The Commerce Ministry of Thailand said on Monday that exports rose 8.8% year-on-year in January to US$17.1 billion (596 billion baht), boosted by recovering world trade, a gradual recovery of the global economy and higher oil and gold prices, according to the Bangkok Post. Exports, excluding oil and gold, were up 4.8%, while January imports rose 5.17% to $16.2 billion, resulting in a trade surplus of $826 million.

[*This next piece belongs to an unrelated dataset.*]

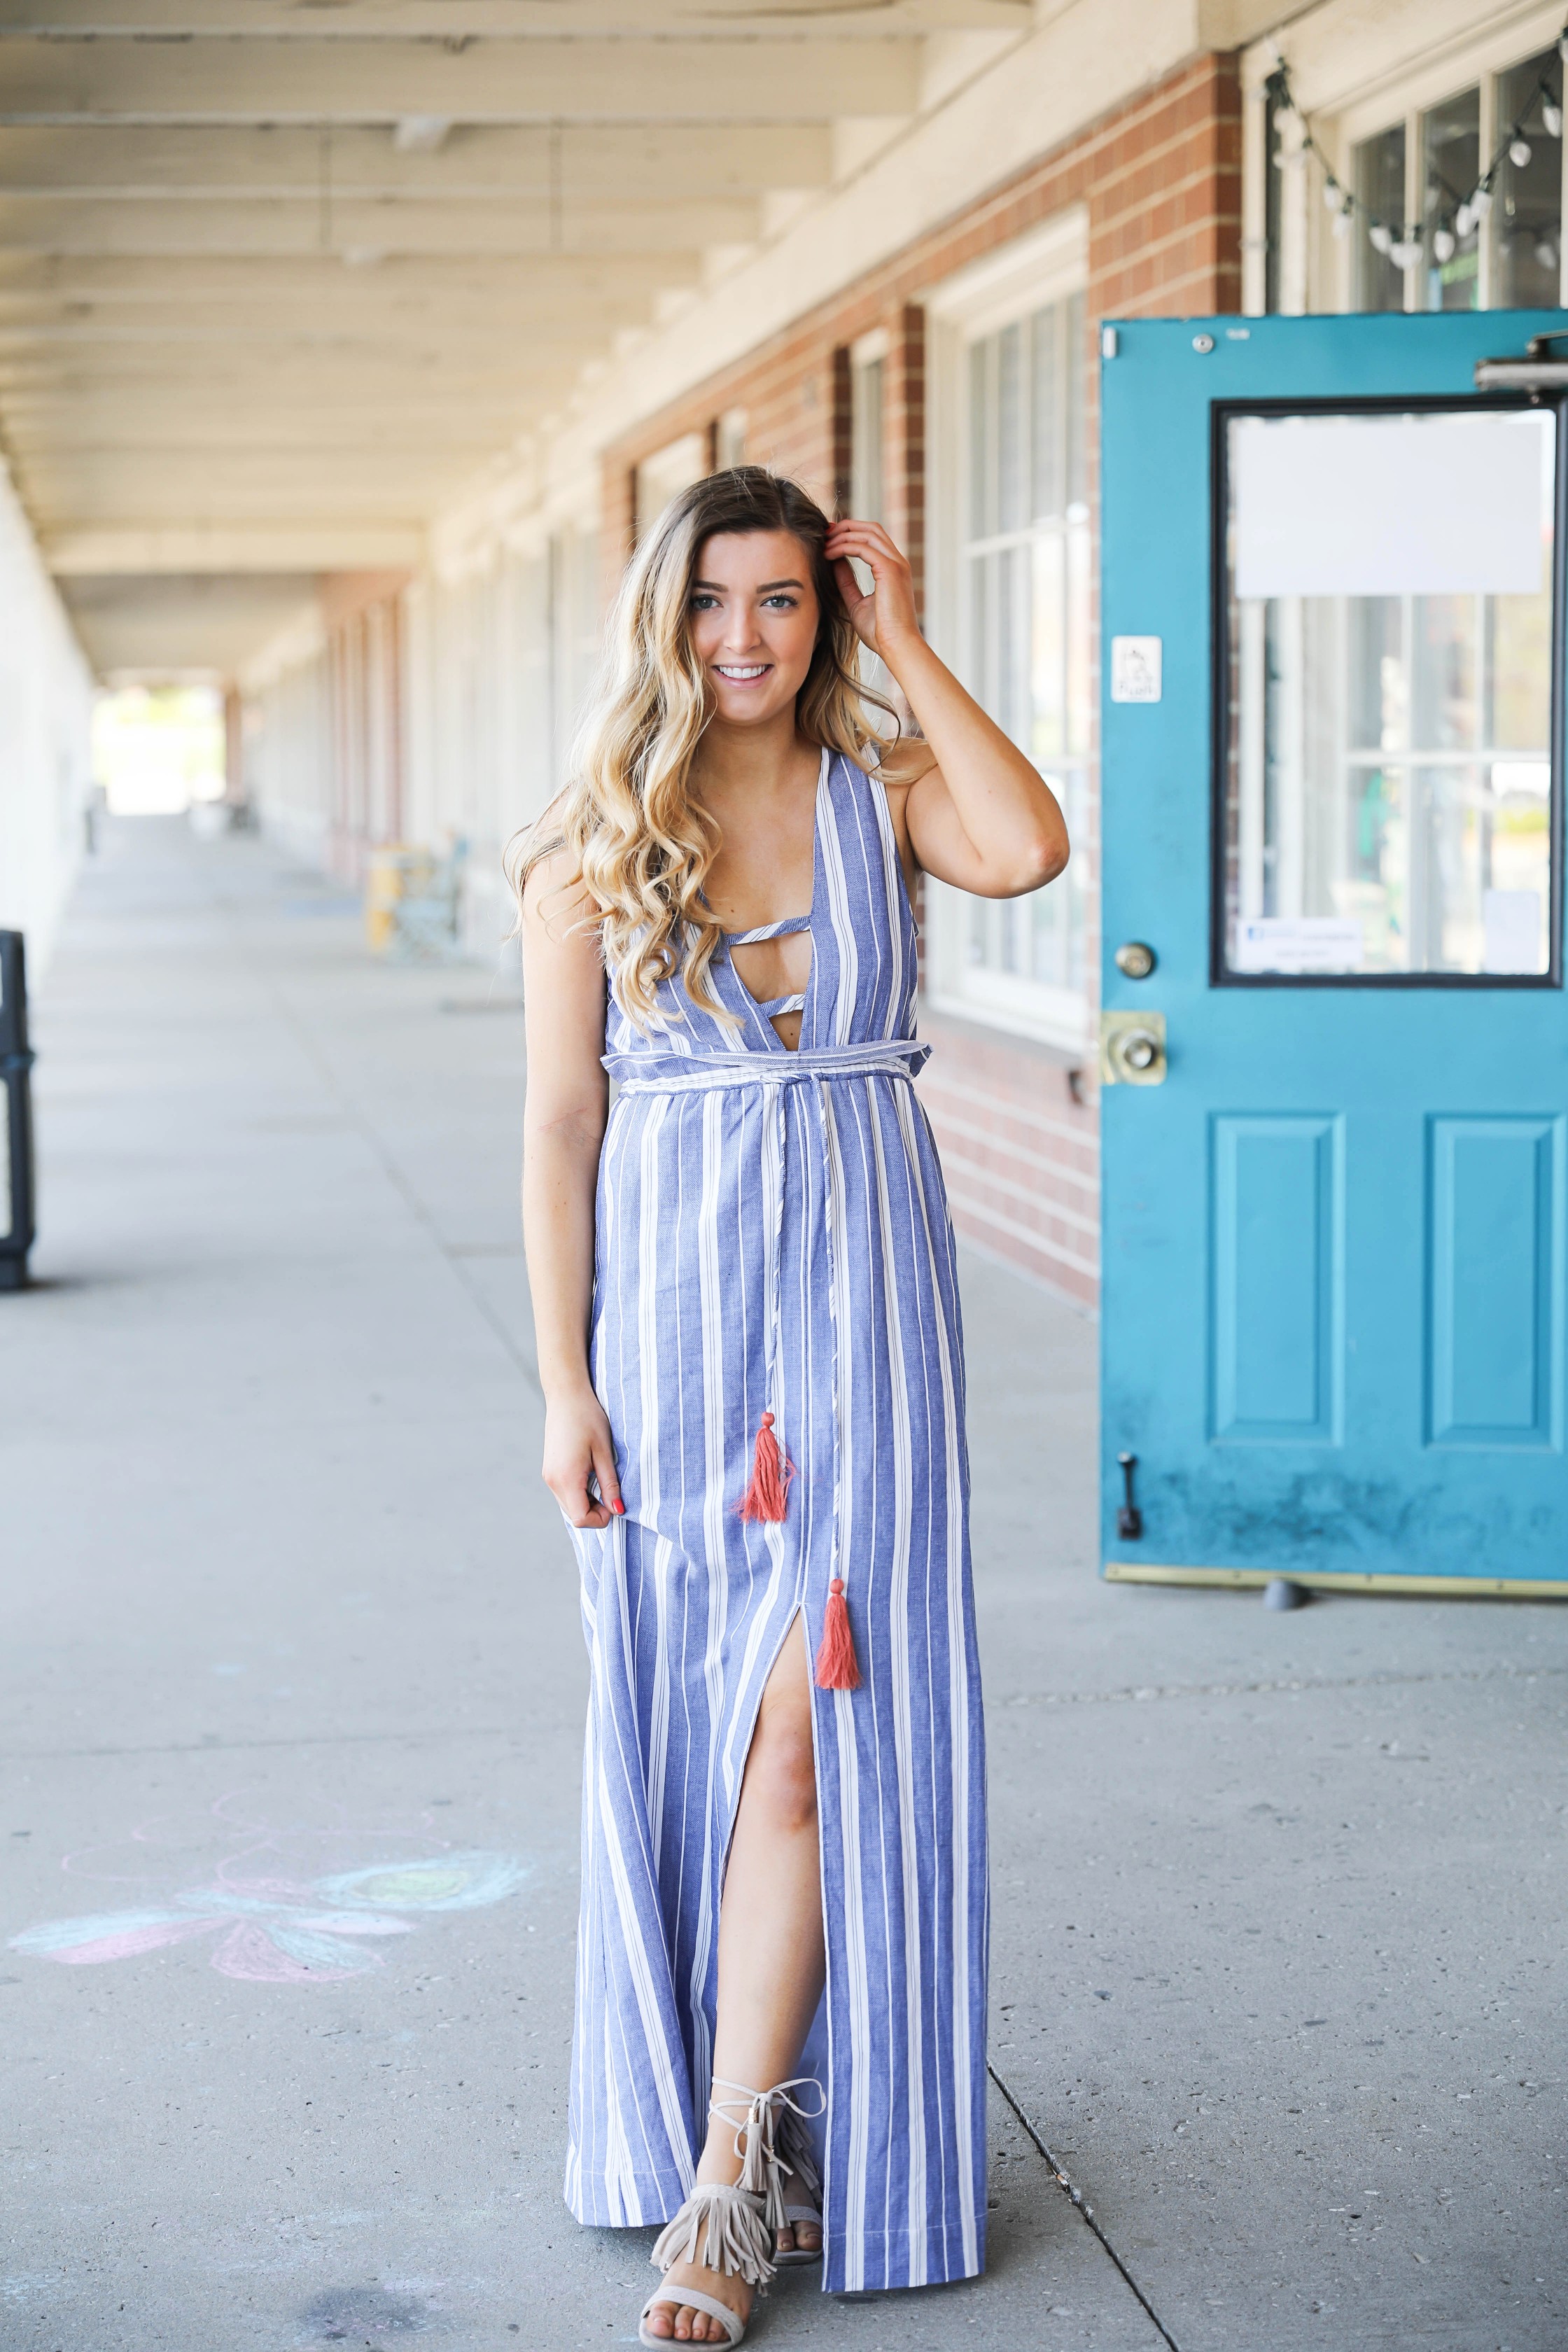 How cute is this Nautical Striped Tassel Dress? I have been loving dresses for spring and summer and this one is one of my favorites! Perfect for boating or days by the beach. By Lauren Lindmark on daily dose of charm dailydoseofcharm.com

The WTI crude spot price declined 1.22% for the week, closing at $53.33 per barrel on Friday, while the Brent crude spot price also lost 2.26% for the week to close at $55.06 per barrel, after Reuters reported on Thursday that Russian is in weak compliance with the OPEC/non-OPEC crude oil production cut agreement. According to Reuters, Russia may have cut about 100,000 barrels per day, or bpd, so far, or only about a third of the levels pledged to cut under an agreement with OPEC. Speculative long positions in WTI crude oil futures contracts held by money managers totaled 429,168 contracts as of February 28, 2017, a decline of 19,678 contracts, according to data from the U.S. Commodity Futures Trading Commission, or CFTC. 

The EIA weekly U.S. oil inventory report on Wednesday showed that domestic crude supplies increased by another 1.501 million barrels to a record 520.184 million barrels, excluding the Strategic Petroleum Reserve, in the week ending February 24, compared to the S&P Global Platts forecast for a stockpile increase of 2.1 million barrels. The American Petroleum Institute, or API, inventory data on Tuesday showed a U.S. crude inventory increase of 2.5 million barrels. 

Separately, the EIA said the weekly U.S. crude oil production decreased 31,000 bpd, for the week ending February 24, to 9.032 million bpd. U.S. crude oil output increased 56,000 bpd to an average of 8.997 million bpd in February, compared to a January average of 8.942 million bpd. Output has fallen about 6.28% from the peak level of 9.60 million bpd in June 2015. Houston-based oilfield services company Baker Hughes Inc. said on Friday that the U.S. oil rig count rose another 7 to 609, compared to 316, when the rig count hit the low on June 6, 2016.